◆ Task requirements ◆
From start to end, write out the following data exactly, apart from its images.

◆ Collected data ◆
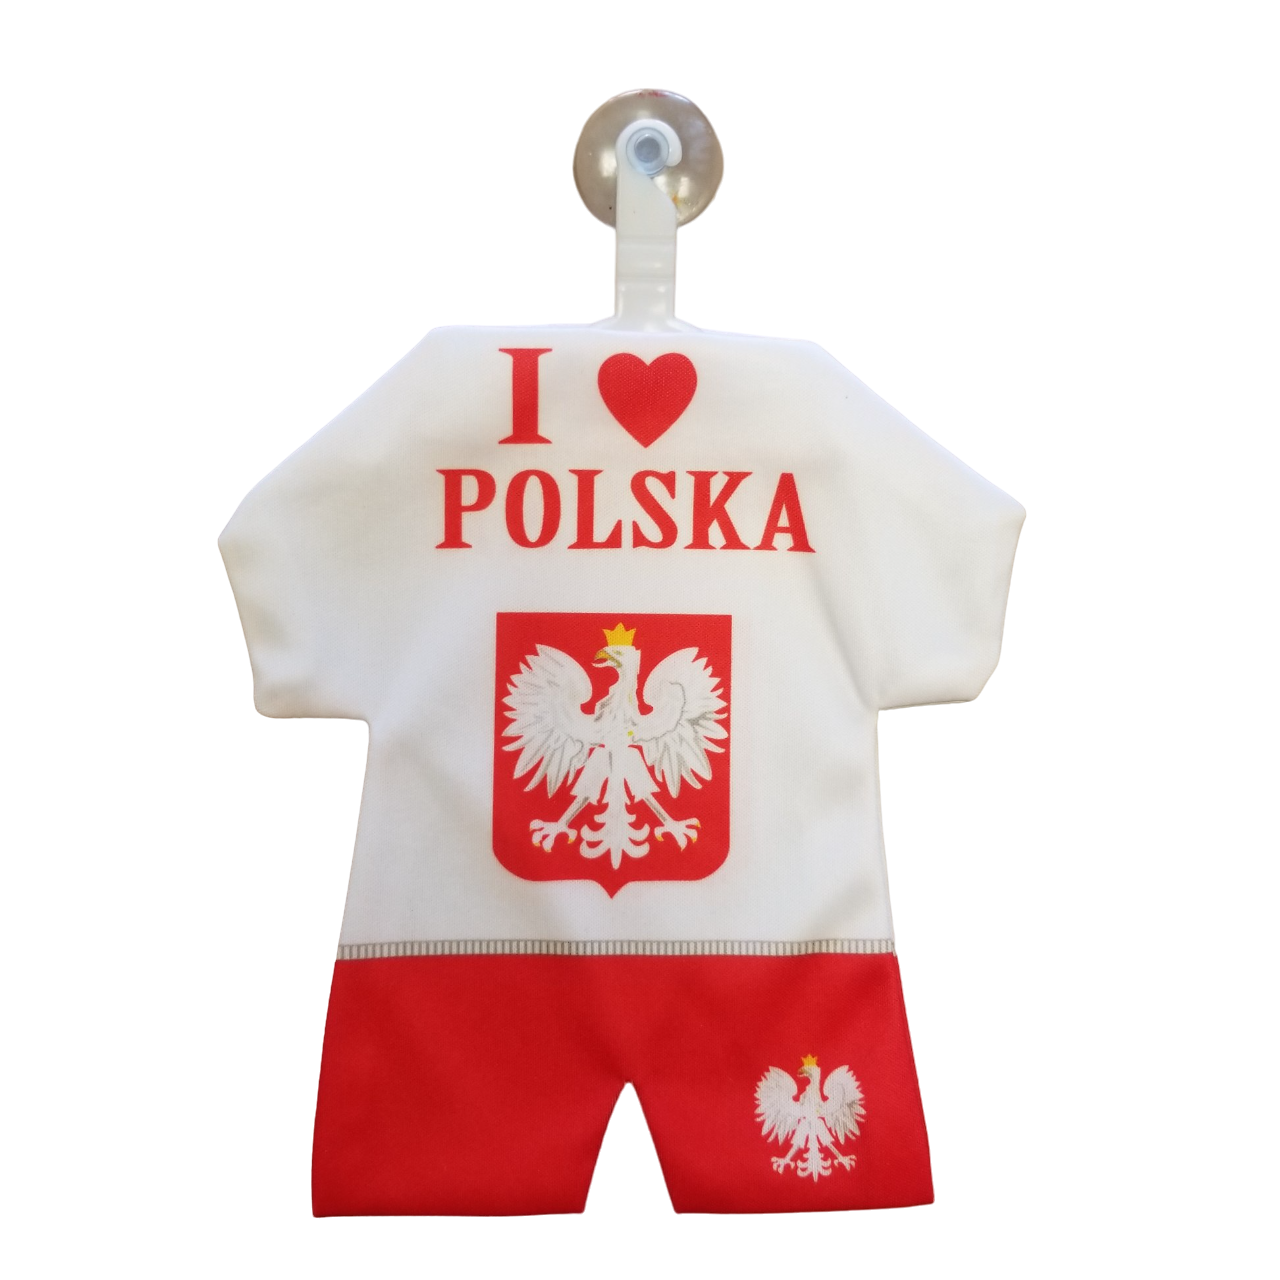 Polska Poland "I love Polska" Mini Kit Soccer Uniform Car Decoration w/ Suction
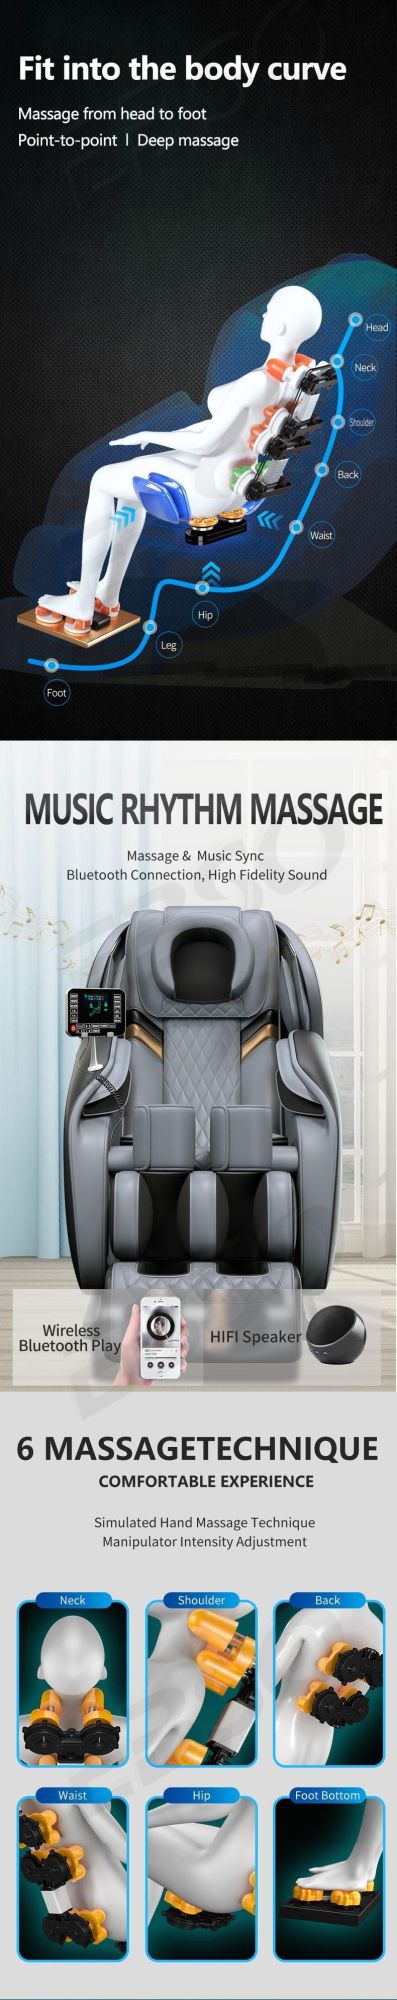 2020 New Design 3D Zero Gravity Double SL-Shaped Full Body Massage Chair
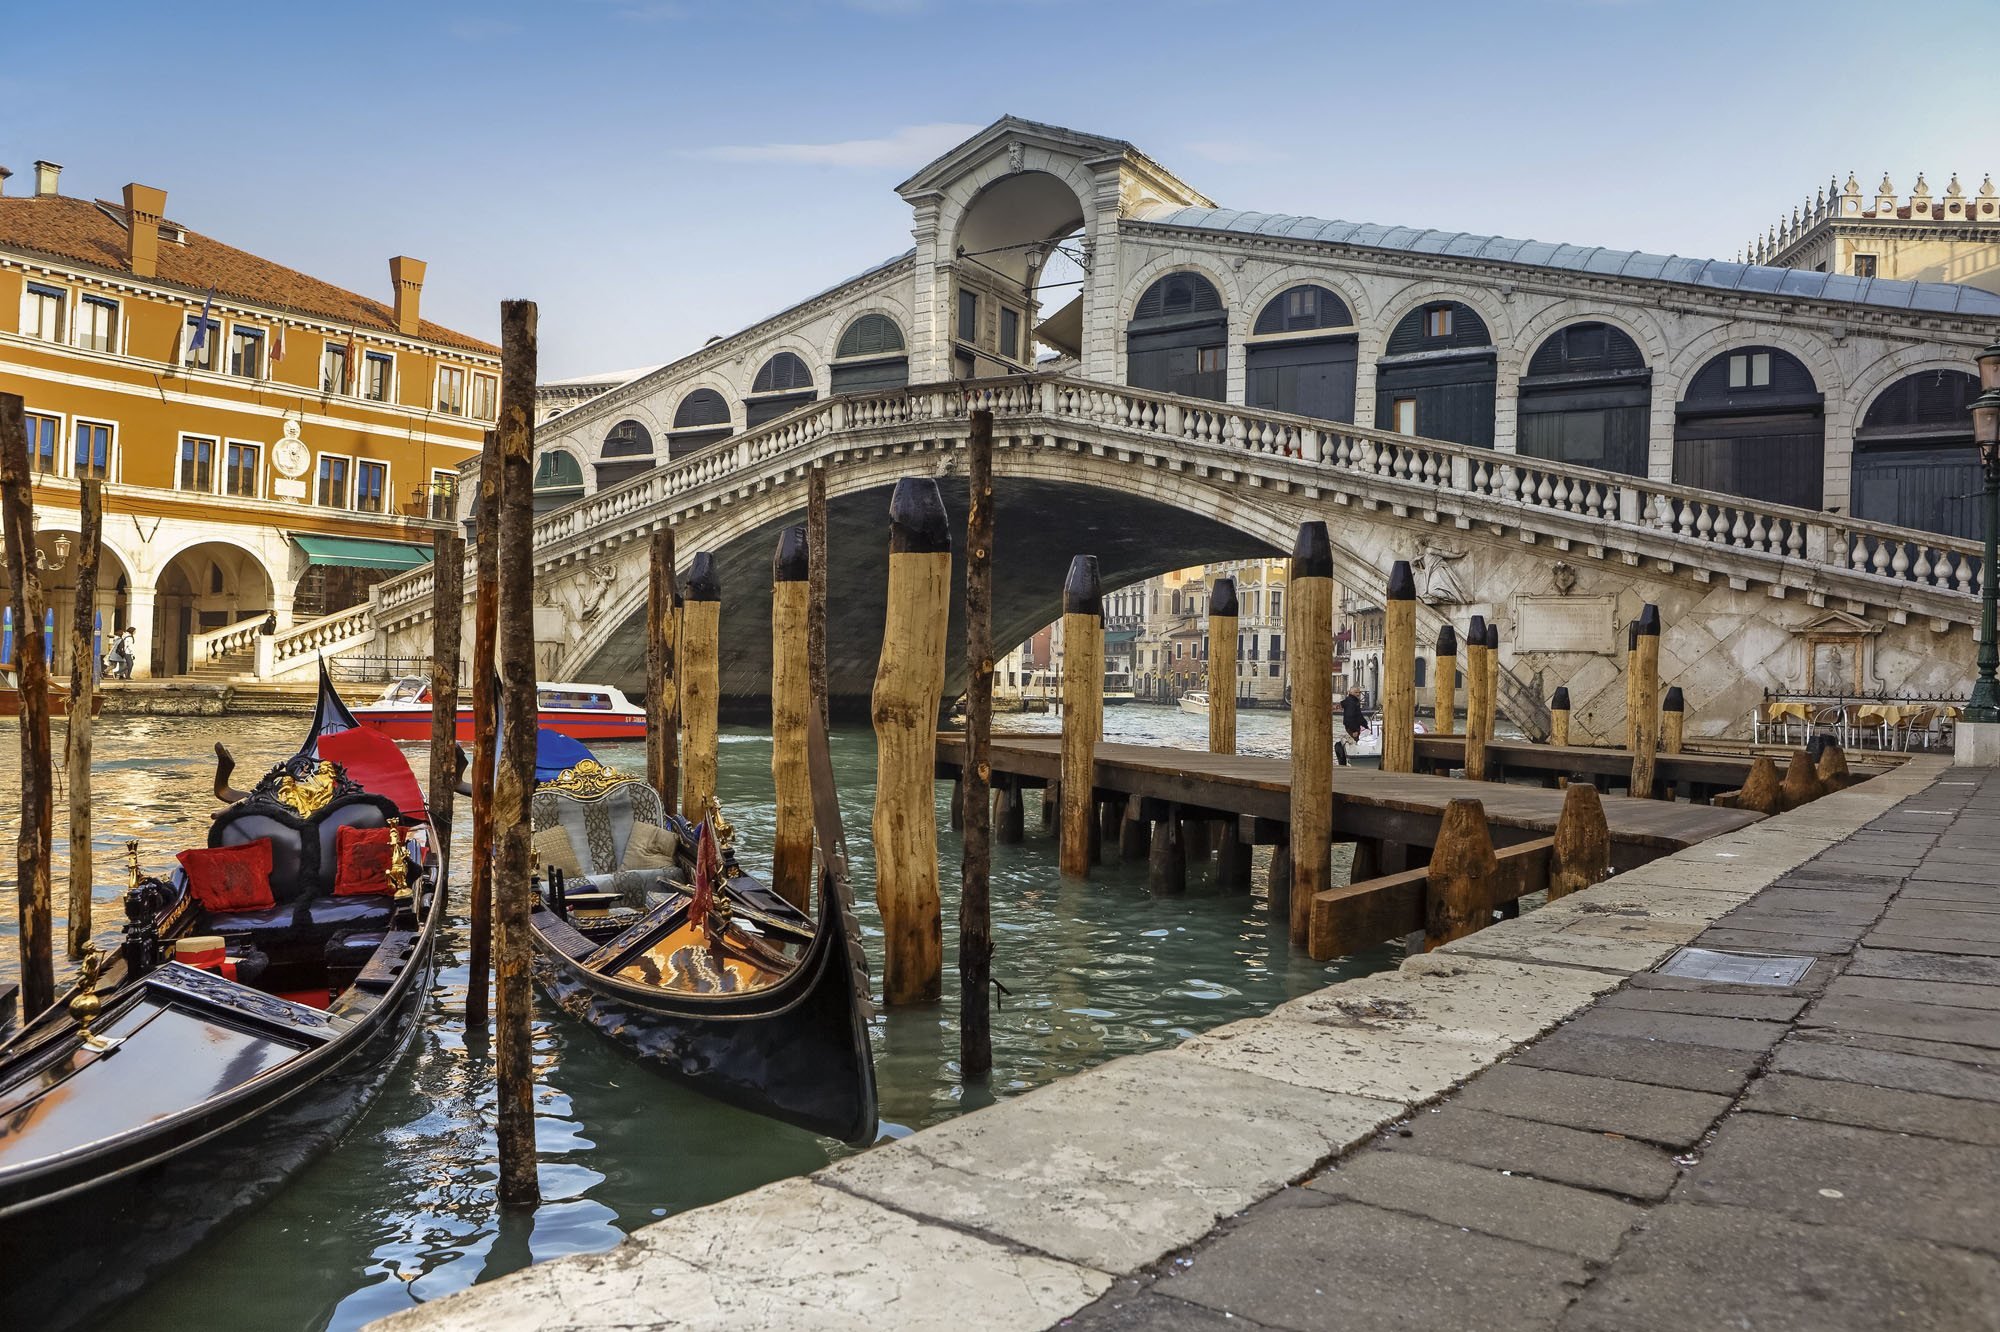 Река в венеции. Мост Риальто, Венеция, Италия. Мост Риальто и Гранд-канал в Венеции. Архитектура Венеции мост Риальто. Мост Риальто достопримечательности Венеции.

◆ Answer ◆
 Polska Poland "I love Polska" Mini Kit Soccer Uniform Car Decoration w/ Suction
 2020 New Design 3D Zero Gravity Double SL-Shaped Full Body Massage Chair
 Река в венеции. Мост Риальто, Венеция, Италия. Мост Риальто и Гранд-канал в Венеции. Архитектура Венеции мост Риальто. Мост Риальто достопримечательности Венеции.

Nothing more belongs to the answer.